Cherchez les hommes

Cherchez la femme is a French expression from the 1854 novel The Mohicans of Paris by Alexandre Dumas, which means “no matter what the problem may be, a woman is often the cause. Look for the mistress, the jealous wife, the angry lover… there is a woman at the root of each problem.” The alternative cherchez de l’argent (look for the money) is something detectives, journalists, and Marxists are prone to do.

A different approach is better when trying to find or explain social and political change: cherchez les hommes, look for the men. The power, prestige, and influence is where the men are because men much more than women seek power, prestige, and influence. And that also leads to power, prestige, and influence following men.

Steven Goldberg wrote two books, The Inevitability of Patriarchy (1973) and Why Men Rule (1993) with the central argument that:

Specifiable hereditary psychophysiological differences between males and females engender in males a more-easily-released tendency for dominance behavior. This is observed by a society’s population and is incorporated in all aspects of socialization that mediate the psychophysiological and the institutional. As a result all societies, without exception, exhibit patriarchy, male status attainment, and male dominance.

The fact that men rule is not popular today, but it is a fact whether anyone likes it or not. Why it should be true is another matter. The point I’m making here is that this fact enables us to find and explain some social and political changes.

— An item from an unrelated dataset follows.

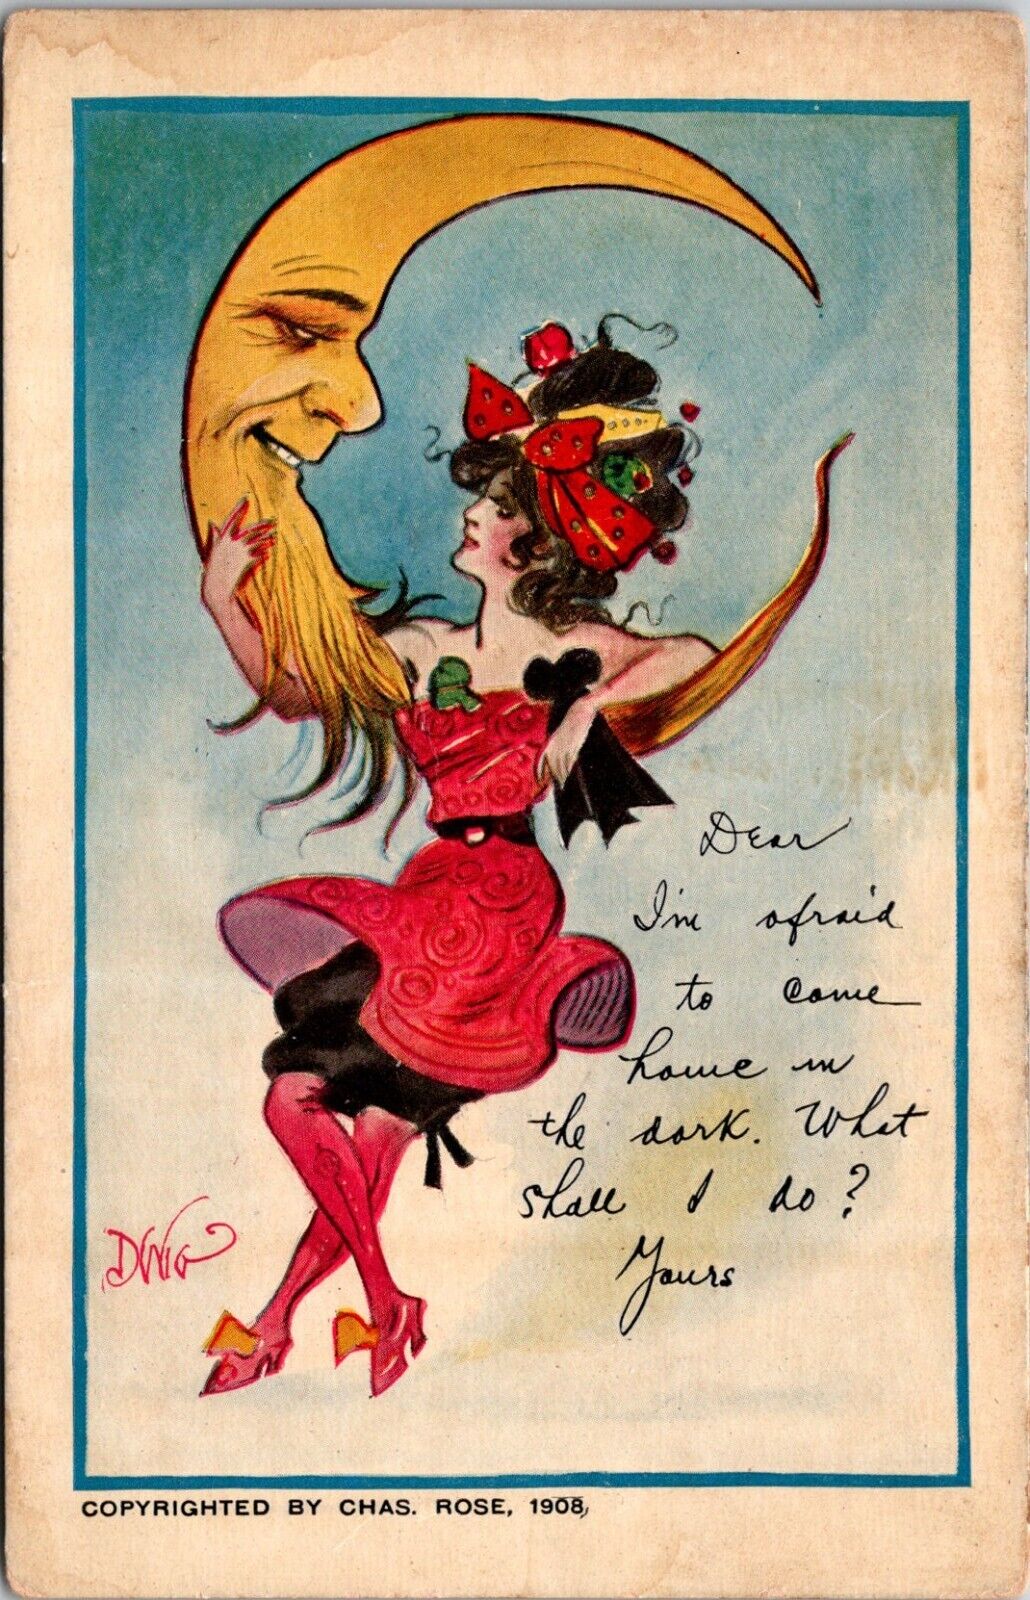 1900s Romance Postcard Woman Embracing The Moon Charles Rose 1908 D.W.G. Artist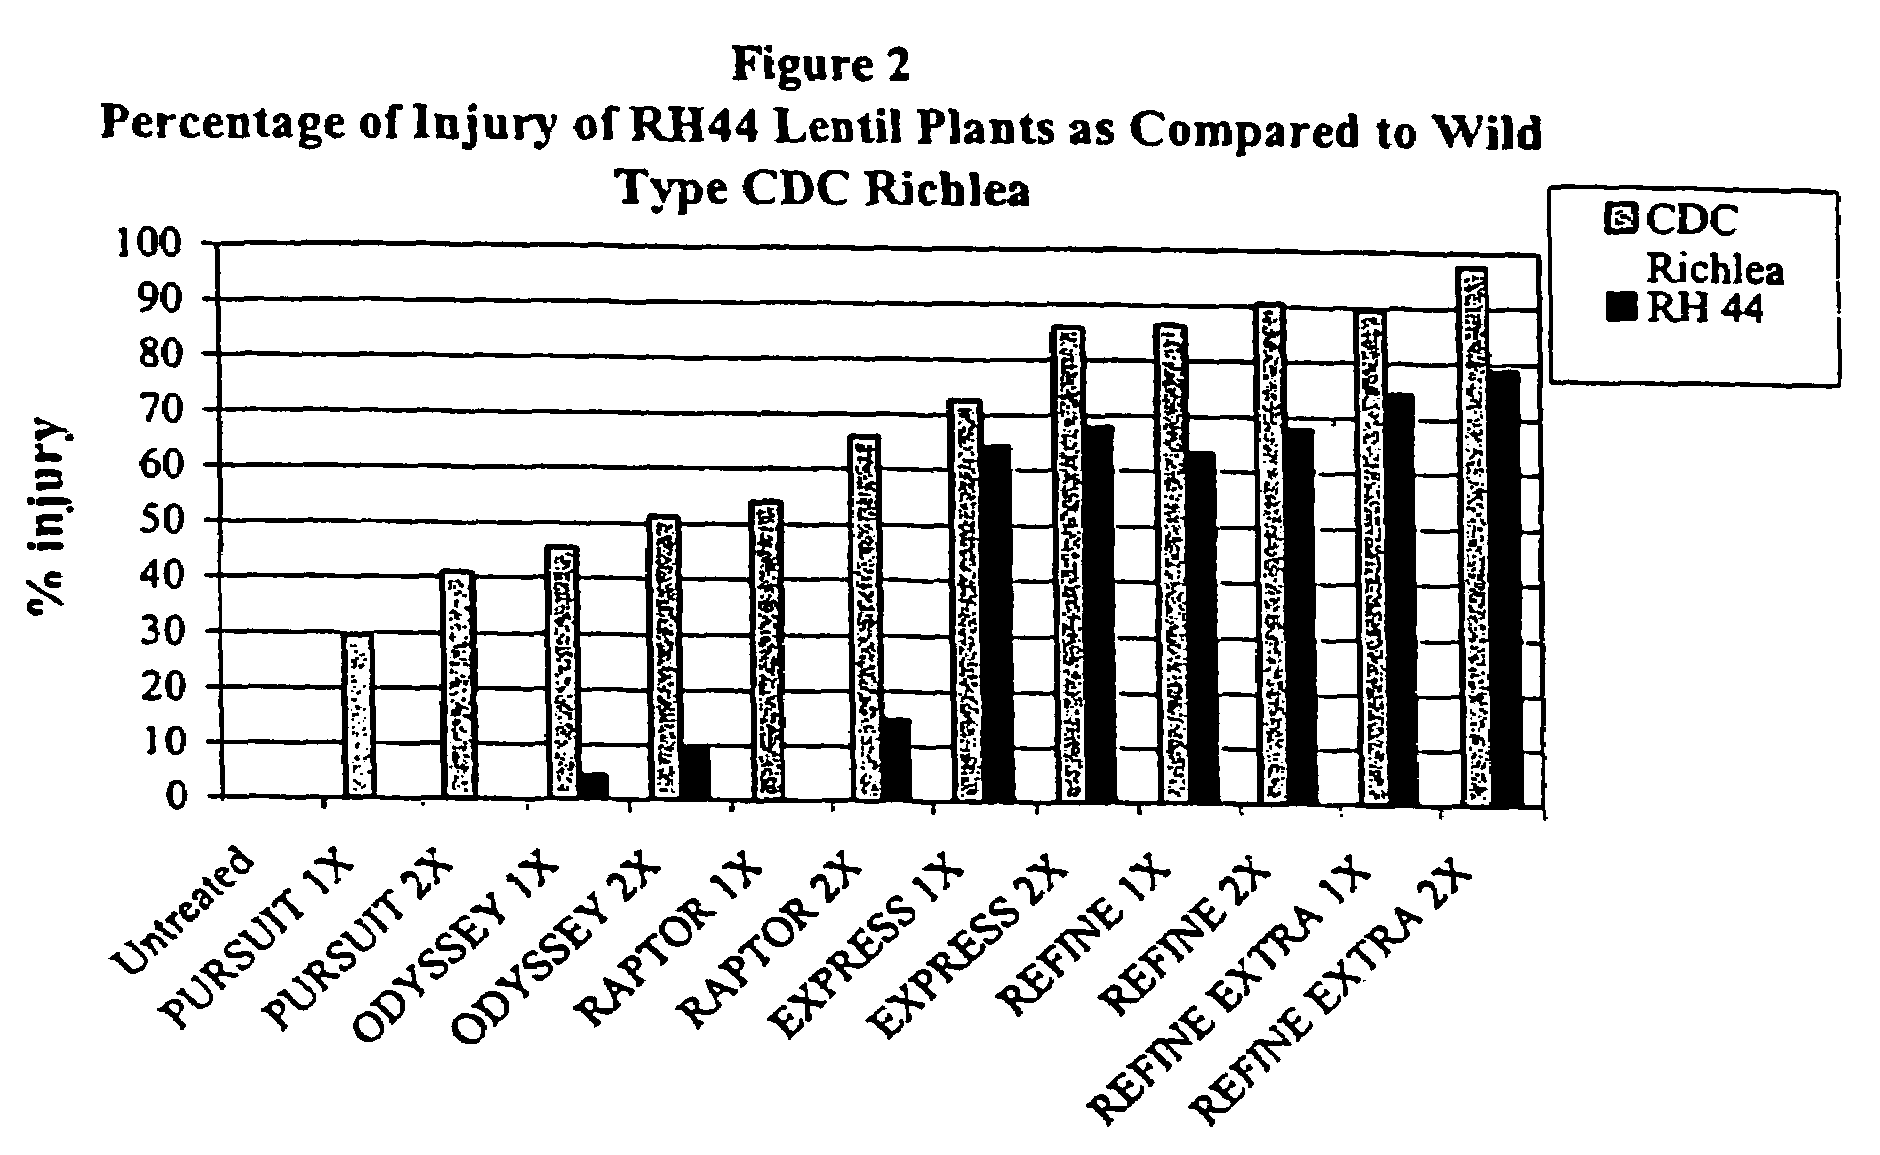 Lentil plants having increased resistance to imidazolinone herbicides

Cherchez les hommes means look where men are leaving and where they are going because power, prestige, and influence are headed away from where they are leaving and toward where they are going. Where are men leaving? Men are leaving universities.

Women accounted for 55 percent of undergraduates enrolled at four-year colleges in the United States as of fall 2014, according to the most recent data available from the federal education department.

It’s not a new phenomenon. Women have outnumbered men on college campuses in the US by a widening margin since the late 1970s, and the gap will continue to grow in coming years, according to some projections. Boston Globe, March 28, 2016.

“Women in the UK are now 35% more likely than men to go to university and the gap is widening every year.” BBC News, May 12, 2016.

Men are leaving universities so we conclude that universities are losing power, prestige, and influence in contemporary society. Men are less welcome and less interested in today’s egalitarian universities. Egalitarianism may have served men well in the past, but no longer.

Where are men going? In the U.S. there are more men than women in the Western U.S. The cities with the largest gender gap are high tech centers such as Silicon Valley, San Francisco, Austin, and Seattle. In the 2016 presidential election, the gender gap helped the winning candidate (see here and here).

This shows that high tech is gaining and universities are losing power, prestige, and influence. Politics continues to be dominated by men, though a different kind of man than before, younger, more western, and less tied to tradition.